Titus Andronicus Review Shakespeare's Globe 2006

Assumed to have been written around 1593/94, 'Titus Andronicus' has to be the bloodiest play Shakespeare penned. In fact, it has so many murders and atrocities that for some time critics found it hard to believe that it was even written by Shakespeare in the first place. And though it was apparently a hit when first performed for Elizabethan audiences, it lost favour for centuries because it was considered too bloody to be performed. Thankfully, events took a revivalist turn in the mid-twentieth century, and 'Titus Andronicus' is now produced more regularly.

One question which always used to beg an answer from any production of 'Titus Andronicus' was: how many people would walk out during the course of the play? Because the sheer volume of blood which often flows across the stage, the nature of the atrocities and the staggering number of characters brutally killed or mutilated, often overwhelms those with weaker constitutions, and the play has an unrivalled reputation for causing people to faint. For example, the first time I saw the play more than half the audience did not return for the second half, and a substantial number seemed decidedly ill during the interval, and sought comfort in medicinal quantities of brandy and other recuperative beverages!

The play focuses on Roman general, Titus Andronicus, who returns to Rome in triumph after giving the Goths a sound thrashing after a prolonged campaign. He's already lost 21 of his sons in battles, and is pretty worn out having spent some 40 years in the field (or, indeed, having produced at least 25 progeny). But his triumphs set him up as number one candidate for the vacant post of Emperor that's currently being contested by two brothers, Saturninus and Bassianus. Titus, though, declines the offer of the most powerful position in the known world, and throws his immense influence behind Saturninus, who's duly installed.
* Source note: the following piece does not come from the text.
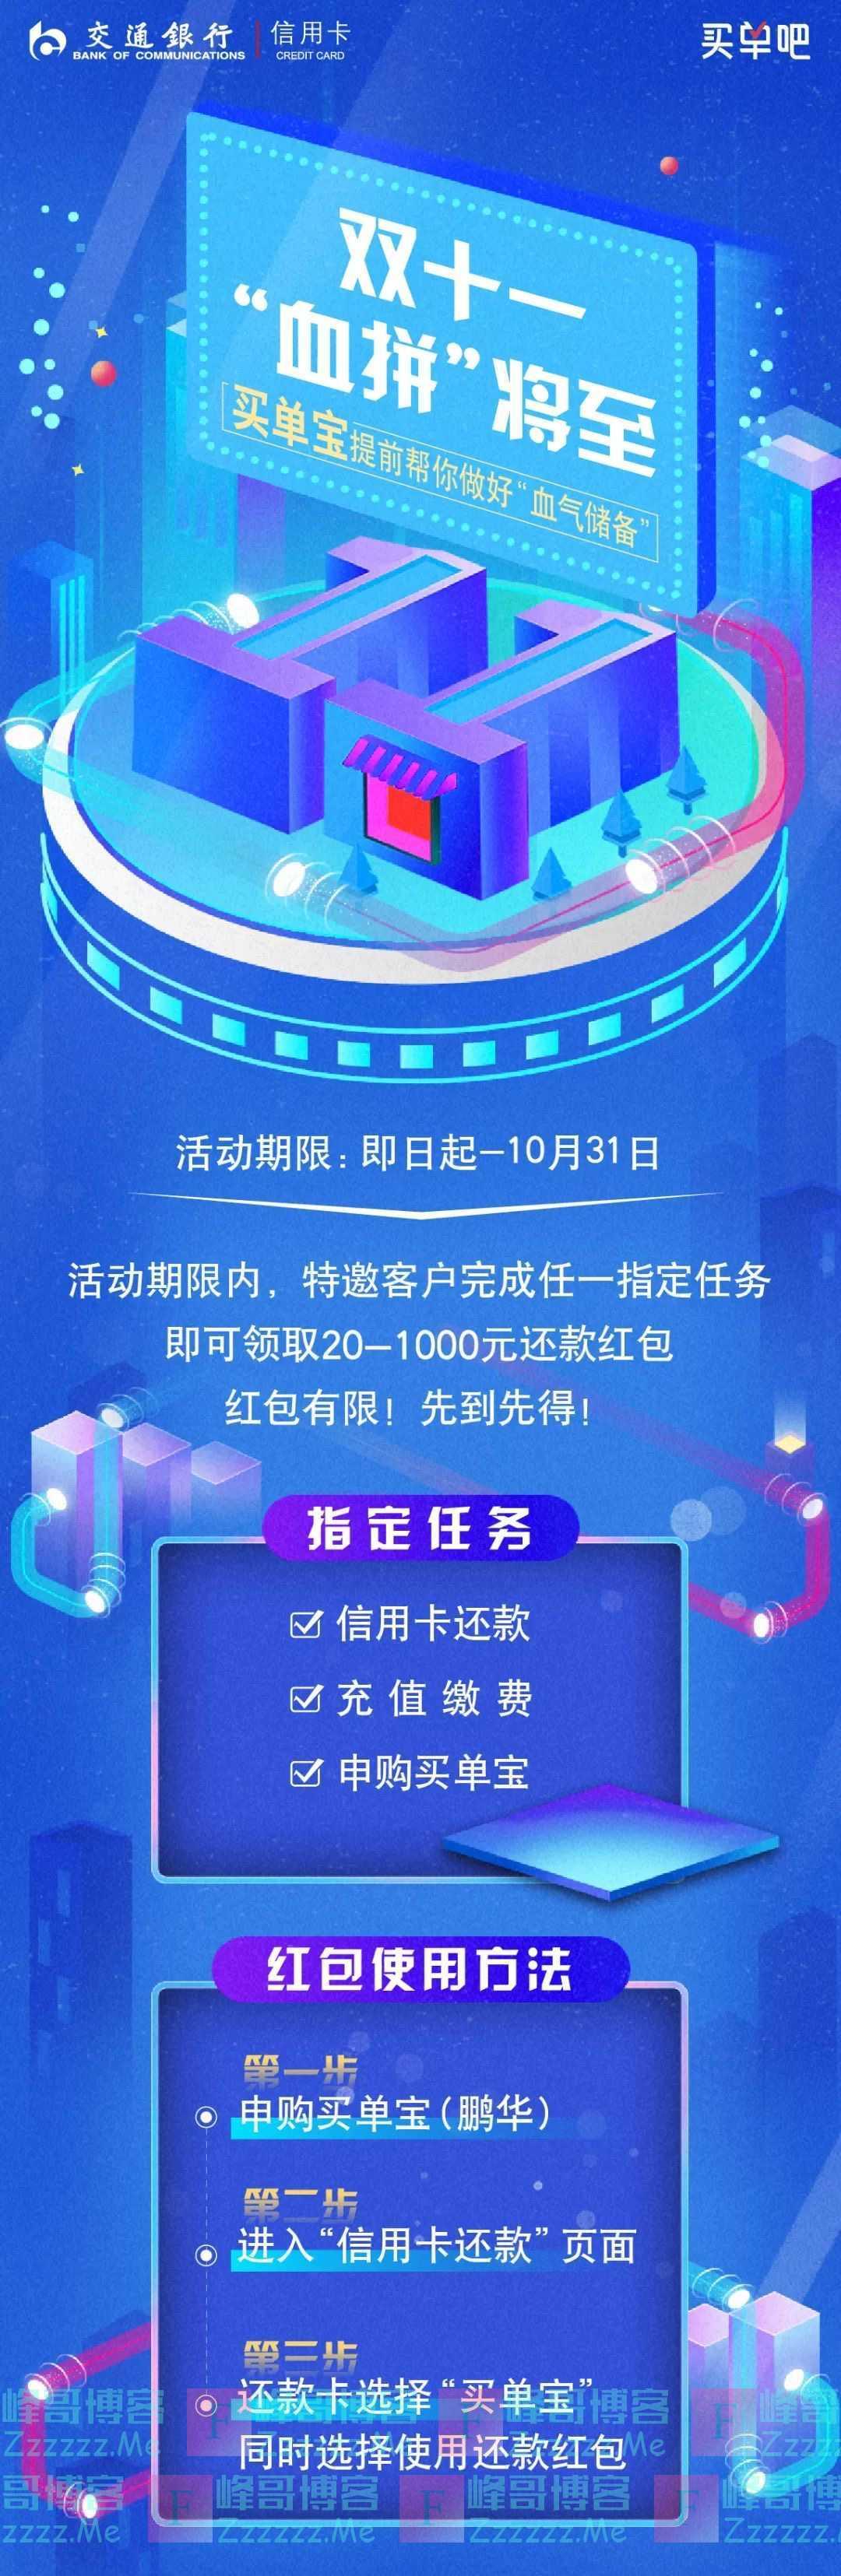 交通银行xing/用卡I买单吧完成指定任务领20-1000元还款红包(10月31日截止)

Titus gives the new Emperor his captive Goths - Tamora, Queen of the Goths; her lover Aaron the Moor; and two of Tamora's sons - but not before he's killed Tamora's eldest son in retribution for his own losses. This ignites a consuming revenge in Tamora who swears to wipe out the Andronici family. Eagerly assisted by her lover, the brutally bloodthirsty and immoral Moor, her sons rape Titus's daughter, Lavinia, cutting out her tongue and lopping off her hands to boot. And her husband Bassianus is also killed along with two of Titus's three remaining sons.

Beside himself with grief, and appearing mad to those around him, Titus sees a chance for revenge and achieves it in cannibalistic style right at the end of the play, during a final quick-fire flourish of a bloodbath.

William Dudley's doom-laden design is bleak and singularly black. All the colourful ornamentation of the Globe's stage has been obscured with black swathing, and the open space in the roof above the yard has had an awning, or velarium, installed similar to the kind employed at the Coliseum in Rome, lending an eerily oppressive and funereal atmosphere to the arena-like space. The overall design concept is reminiscent of Fellini's film 'Satyricon' (1969) which provided a grotesque glimpse of a depraved Rome imploding on excess and decadence. The atmosphere is darkened further with smoke drifting across the stage, together with doleful music and sound effects from an unusual array of musical instruments including drums, bagpipes, and some peculiar looking horns. The overall impact of the design is both sombre and gloomy, introducing a morally decaying Rome that bears little resemblance to the classical and elegant dignity we're more accustomed to.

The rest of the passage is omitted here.